Il film, costato 600mila euro, è stato prodotto da Arbash con il contributo della Film Commission della Regione Sicilia e della Banca Credito Cooperativo del Nisseno.
L’idea iniziale del film è venuta da Marcello Mazzarella?
Da tempo progettavo un film sulla vita di Gesù Cristo, ma stavo vivendo un blocco in fase di scrittura. E’ allora che si è affacciato Marcello con il suo soggetto.
La vicenda di Biagio riguarda tutti noi che viviamo una crisi ideale?
E’ il paradigma del nostro tempo. Con un gesto radicale fra Biagio abbandona la civiltà del consumismo, perché è un sistema di valori basato sul consumo e sul possesso di beni materiali non ha futuro e fa voto di non toccare più il denaro. Al centro della sua vita pone l’attenzione e la cura degli altri.
Biagio è un resistente?
E’ uno dei pochi rivoluzionari veri, nel senso che non lo è solo a parole, ma con i fatti, rifiutando il Dio denaro.
Il film sottolinea quanto sia importante la ricerca spirituale.
La ricerca di una religiosità è un problema del nostro tempo, perché abbiamo costruito la nostra vita sul possesso dei beni materiali e la spiritualità è dunque un bisogno profondo.
Il suo è un ritratto fedele di fra Biagio?
Direi di sì, perché è quel fraticello umile che si definisce. Fra Biagio preferisce non apparire, non concede interviste. E’ una delle persone più conosciute e amate dalla gente povera.
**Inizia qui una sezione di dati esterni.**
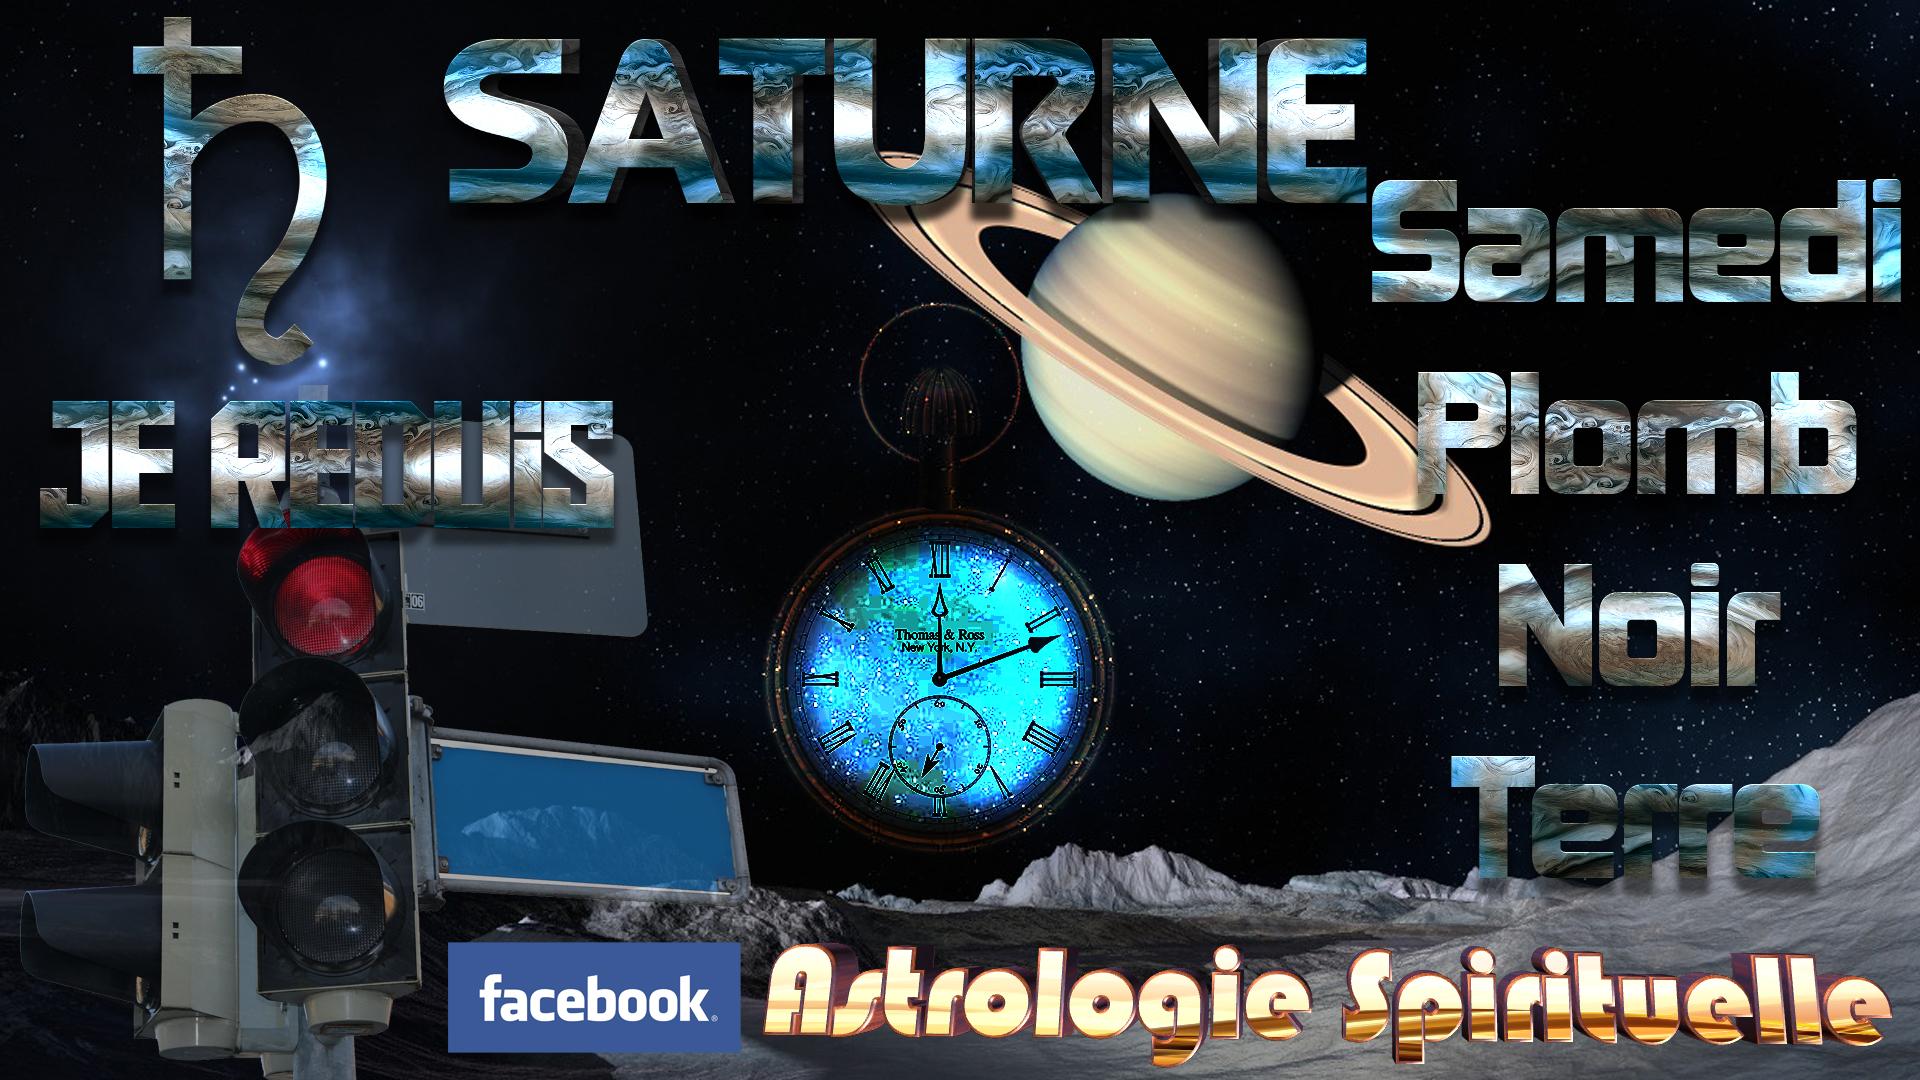 Saturne c'est le samedi

E’ un francescano, non rifiuta mai niente a nessuno, anche se vorrebbe fare l’eremita tra le montagne.
Voleva che si facesse un film sulla sua vita?
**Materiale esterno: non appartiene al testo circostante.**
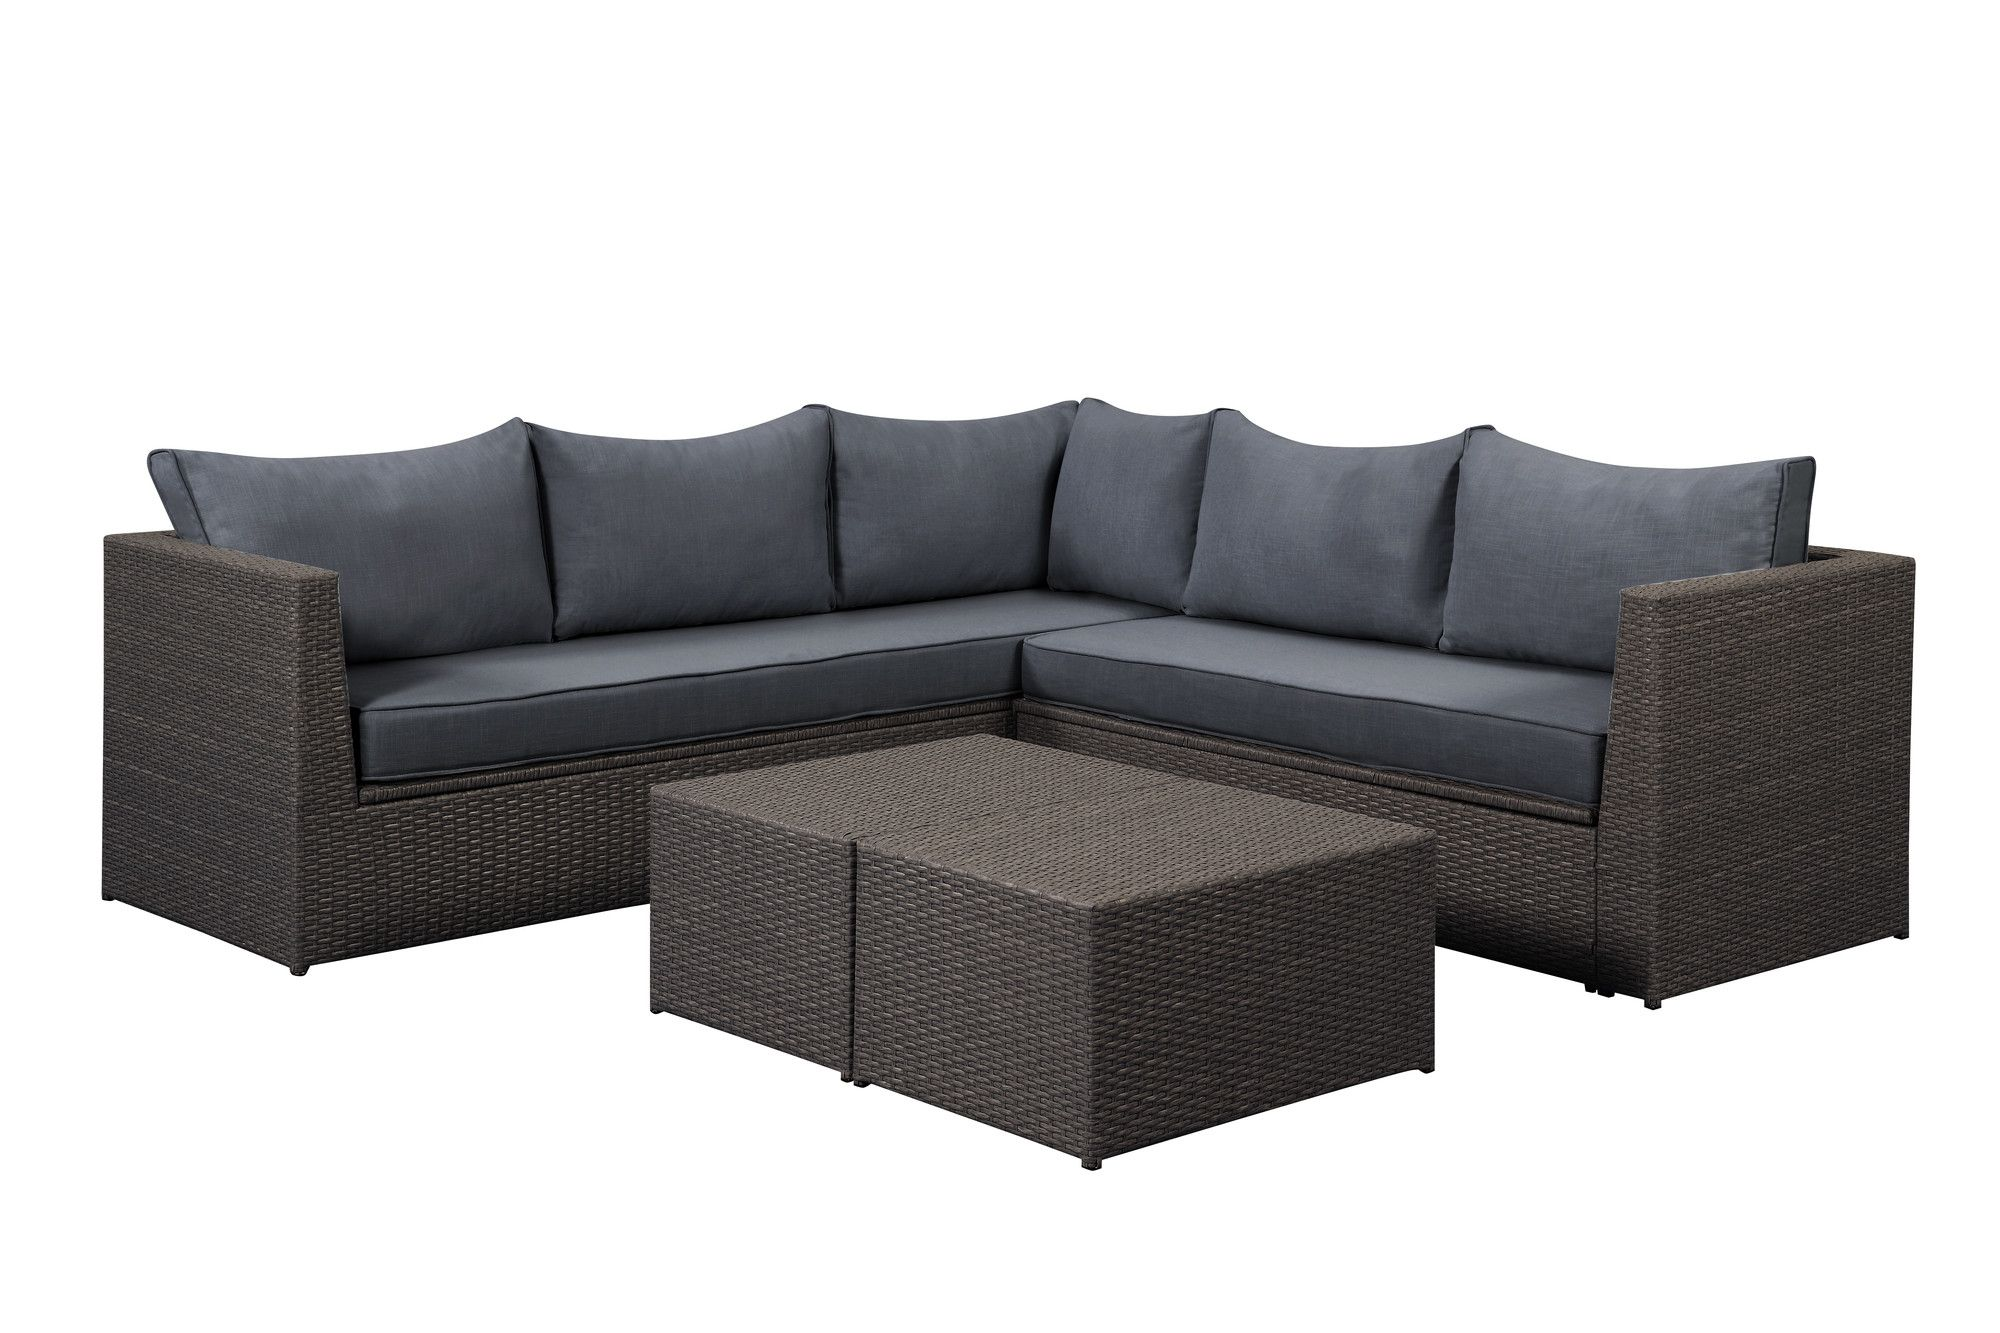 Morro Bay Sectional W Storage Brown Grey Products Outdoor Sofa Sets Outdoor Sofa Sofa Set

No, fra Biagio temeva che fosse un peccato d’orgoglio, non desiderava esporsi. L’abbiamo convinto dicendogli che il suo esempio sarà utile.
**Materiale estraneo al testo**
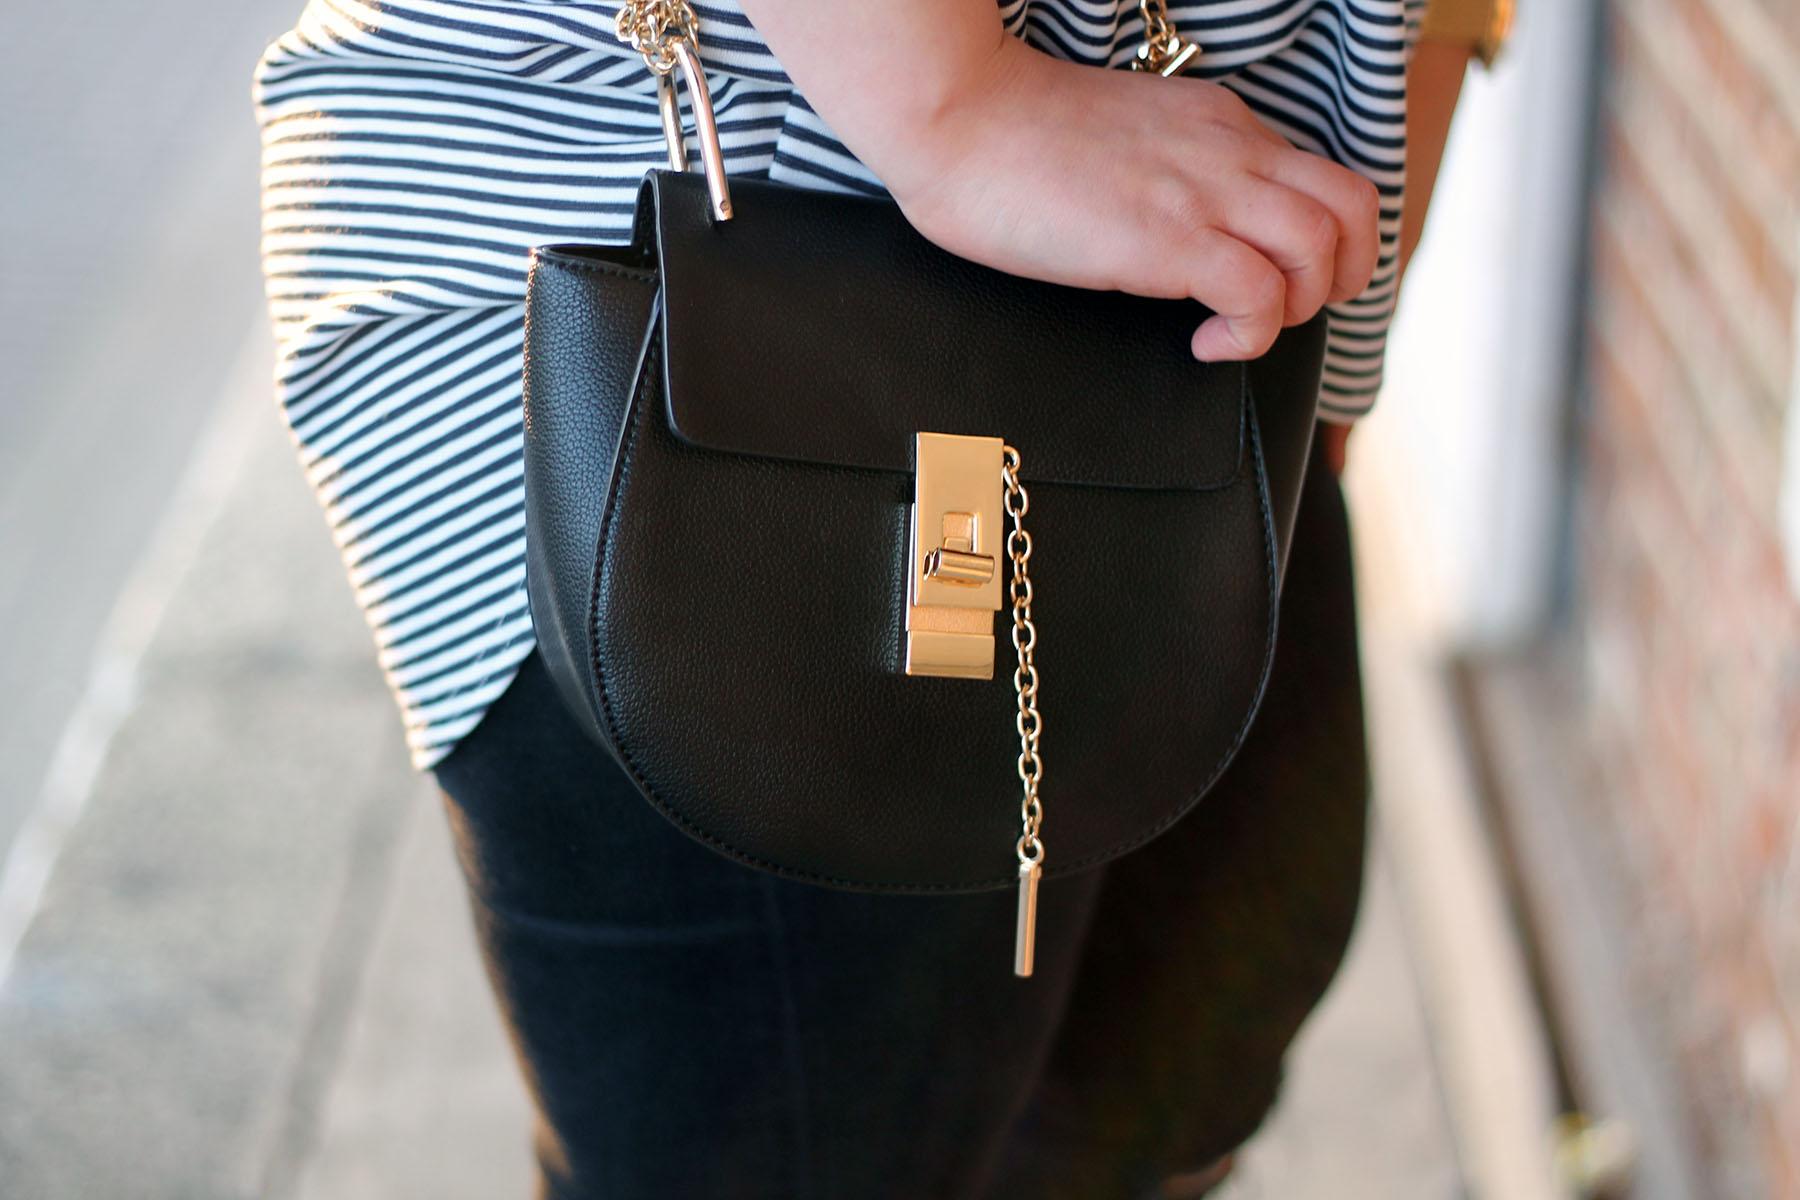 fashionblog-modeblog-tasche-chloe-drew-lookalike

Recentemente è stato protagonista di una singolare protesta contro le istituzioni che gli chiedevano di pagare 85mila euro di tassa dei rifiuti per i locali che una delle sue comunità abita.
Una richiesta assurda, folle e lui ha scelto una protesta gandhiana, girando con una pesante croce per le strade della periferia palermitana.
Definirebbe il suo un film politico?
Preferirei un film con implicazioni culturali e ideologiche.
Un film francescano?
San Francesco è stato l’uomo più importante della storia d’Occidente. Comunque non ho voluto fare un’opera accattivante, convinto che un film debba creare dubbi.
Pensa che Papa Francesco possa apprezzare il suo film?
Questo Papa, che per la prima volta si chiama come san Francesco, è come fra Biagio: fa seguire alle parole l’esempio. Rappresenta un grande dono che ci è stato dato, un leader che noi di sinistra non abbiamo mai avuto
Quando uscirà il film?
Lo distribuiremo con la nostra società Arbash, come è avvenuto per Rosso Malpelo. Inoltre avremo il sostegno del circuito dell’ACEC, il circuito a cui aderiscono circa 500 sale cattoliche e che consentirà al film un viaggio che durerà nel tempo. Fandango invece si occuperà della distribuzione internazionale.